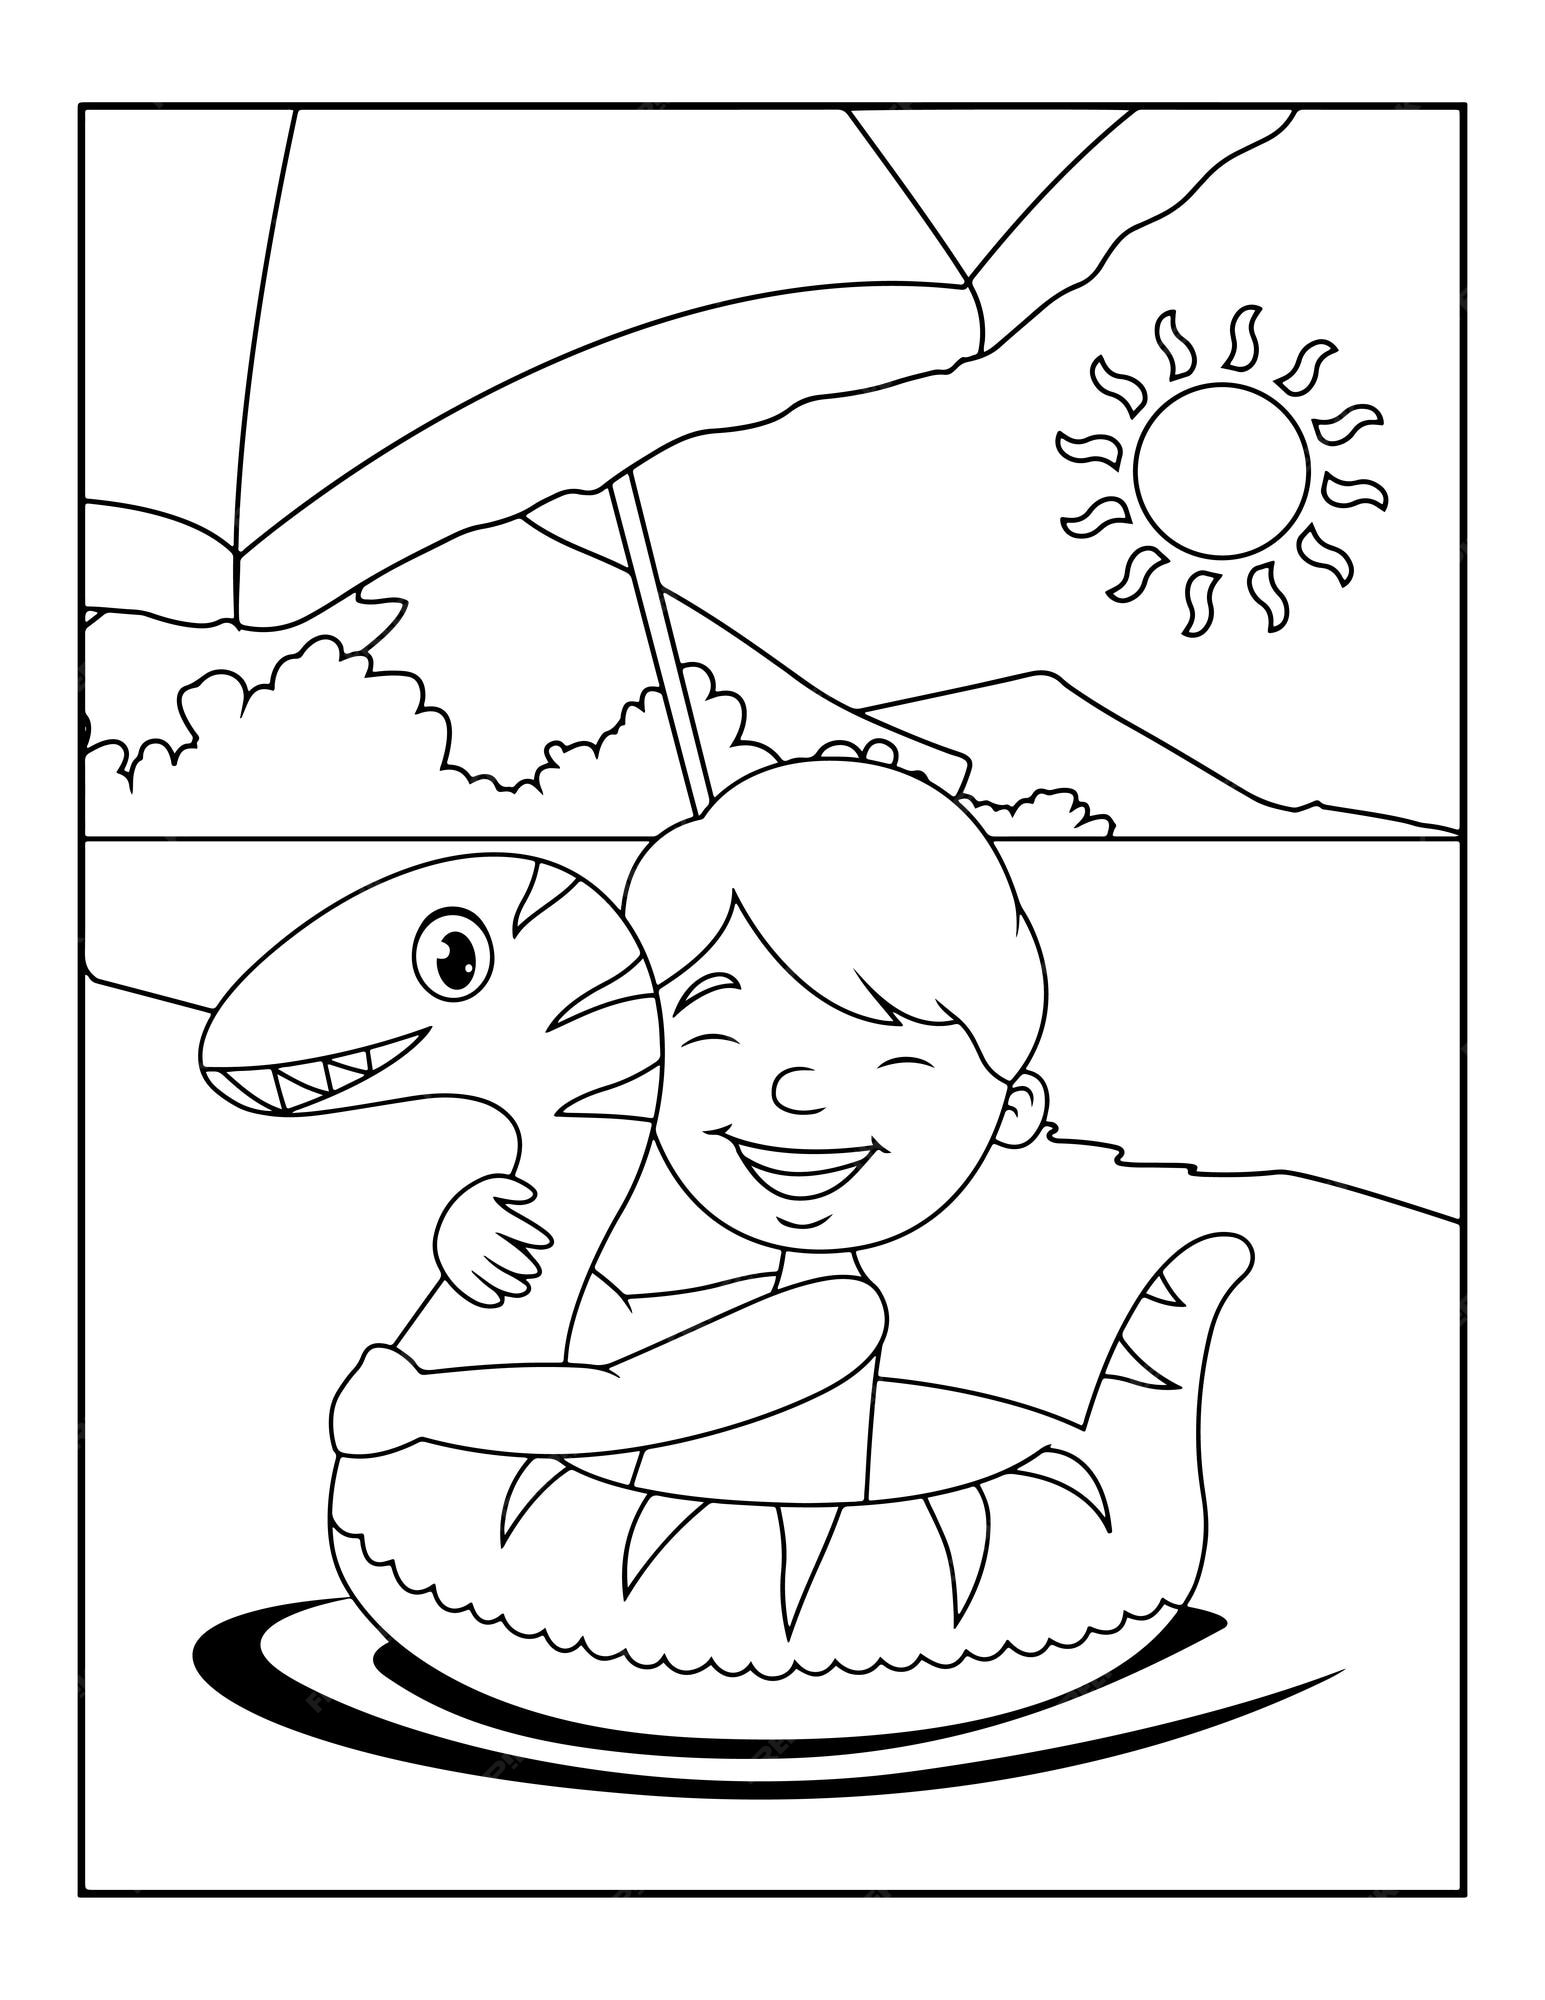 Premium vector summer activity coloring pages for kids hello summer coloring book for children
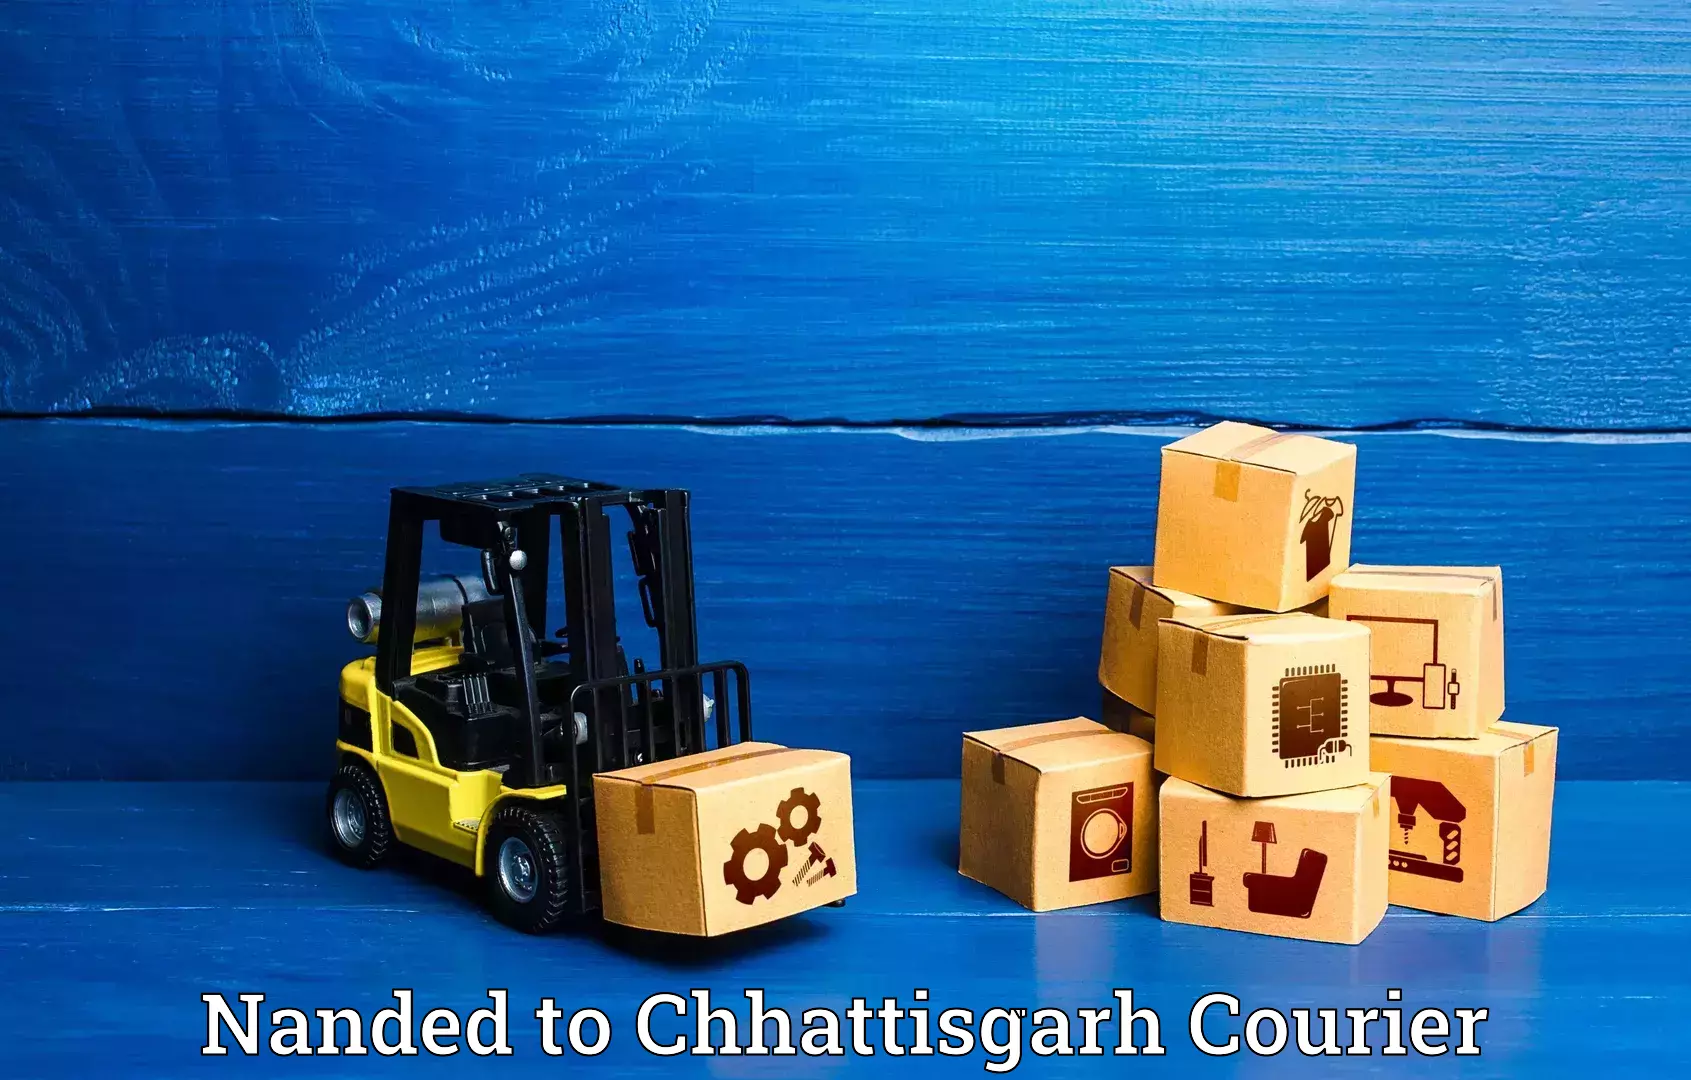 Luggage shipment specialists Nanded to Chhattisgarh
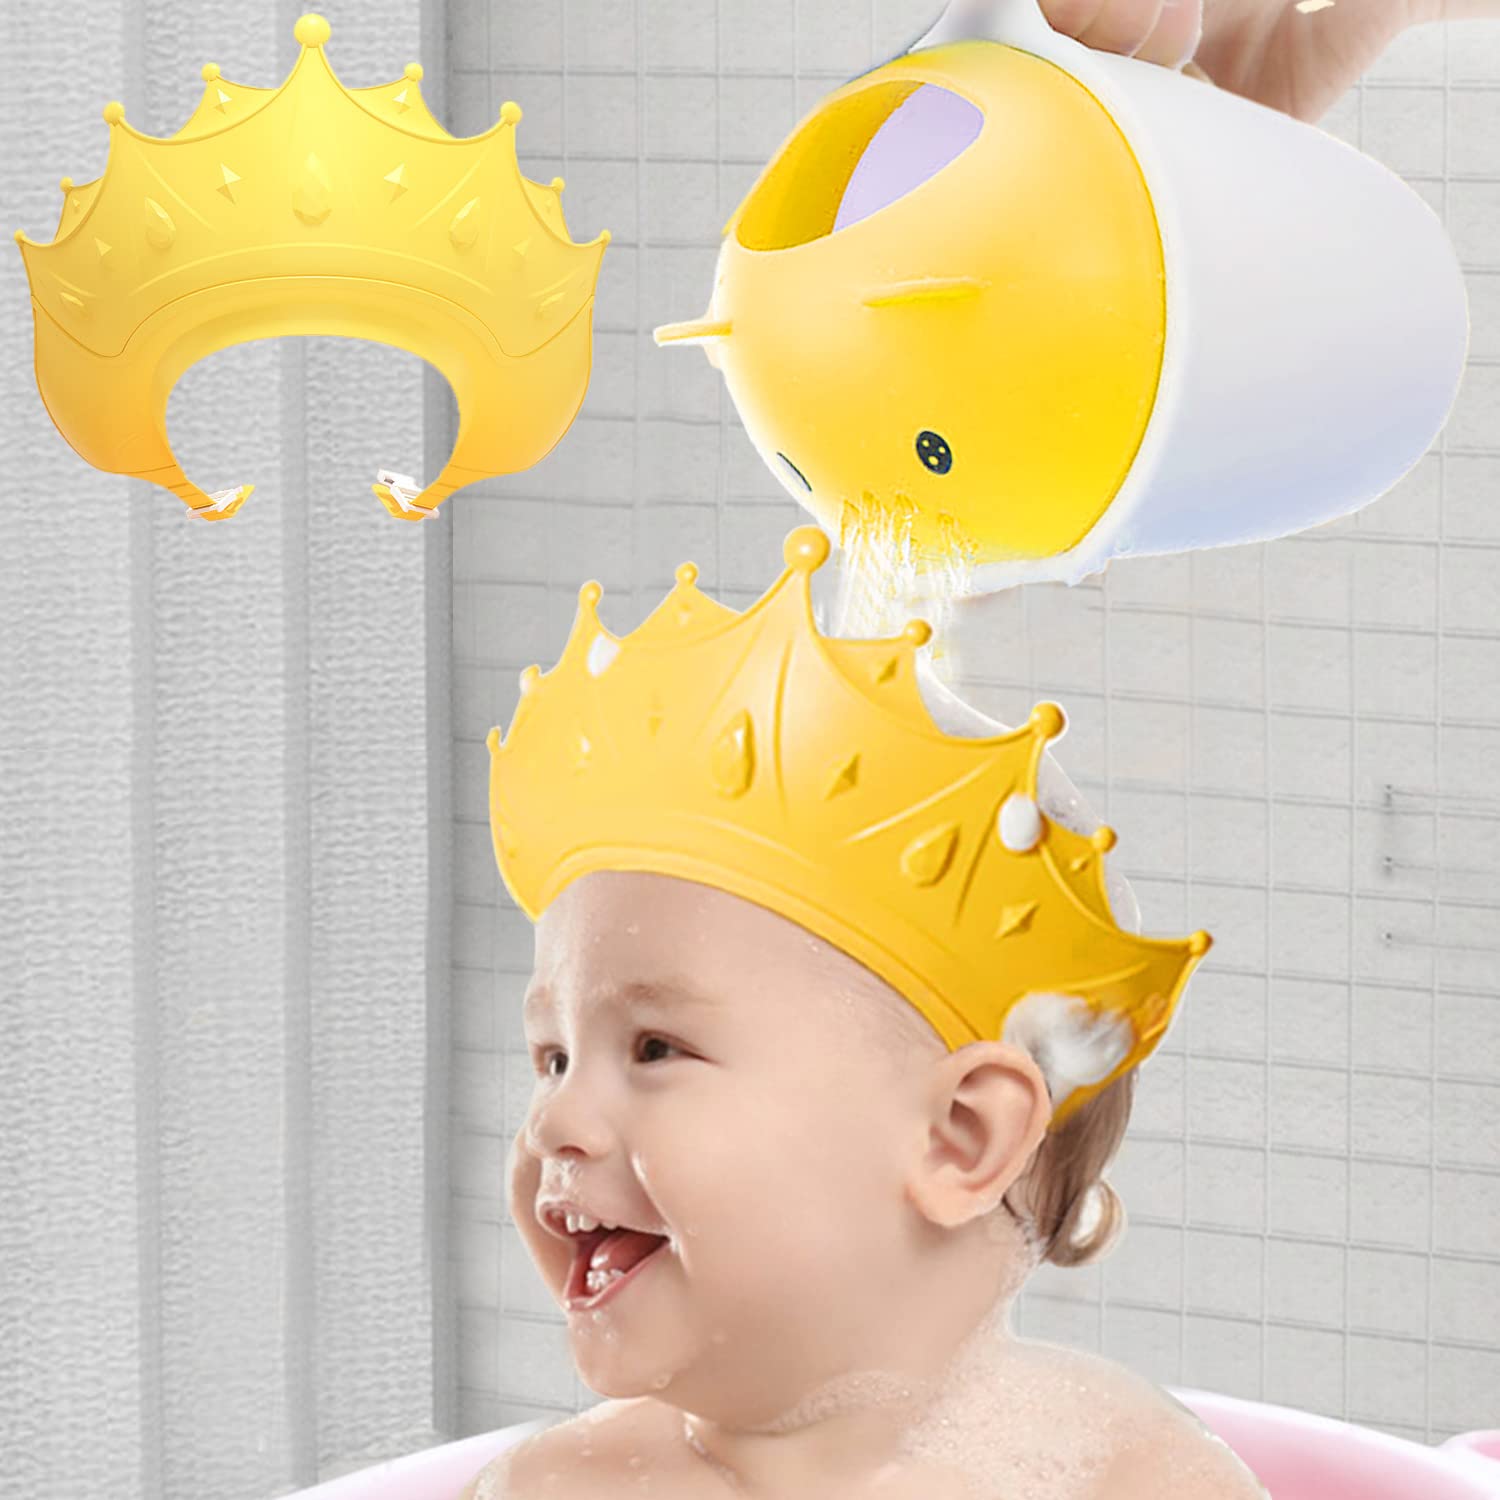 Baby Shower Cap Shampoo Hat Shower Sun Hat Soft Adjustable Head Protection Shampoo Hat Kids Baby Toddler Girls Shampoo Guard Shower Accessories Protect Baby Eye Ears (Yellow)
════════════════
• WHAT YOU HAVE TO DO:
What you give back must be exactly the lines of the listing above from the line containing "Luggage shipment specialists" through its last line, inclusive, without pictures, please.

• YOUR RESPONSE:
 Luggage shipment specialists Nanded to Chhattisgarh
 Baby Shower Cap Shampoo Hat Shower Sun Hat Soft Adjustable Head Protection Shampoo Hat Kids Baby Toddler Girls Shampoo Guard Shower Accessories Protect Baby Eye Ears (Yellow)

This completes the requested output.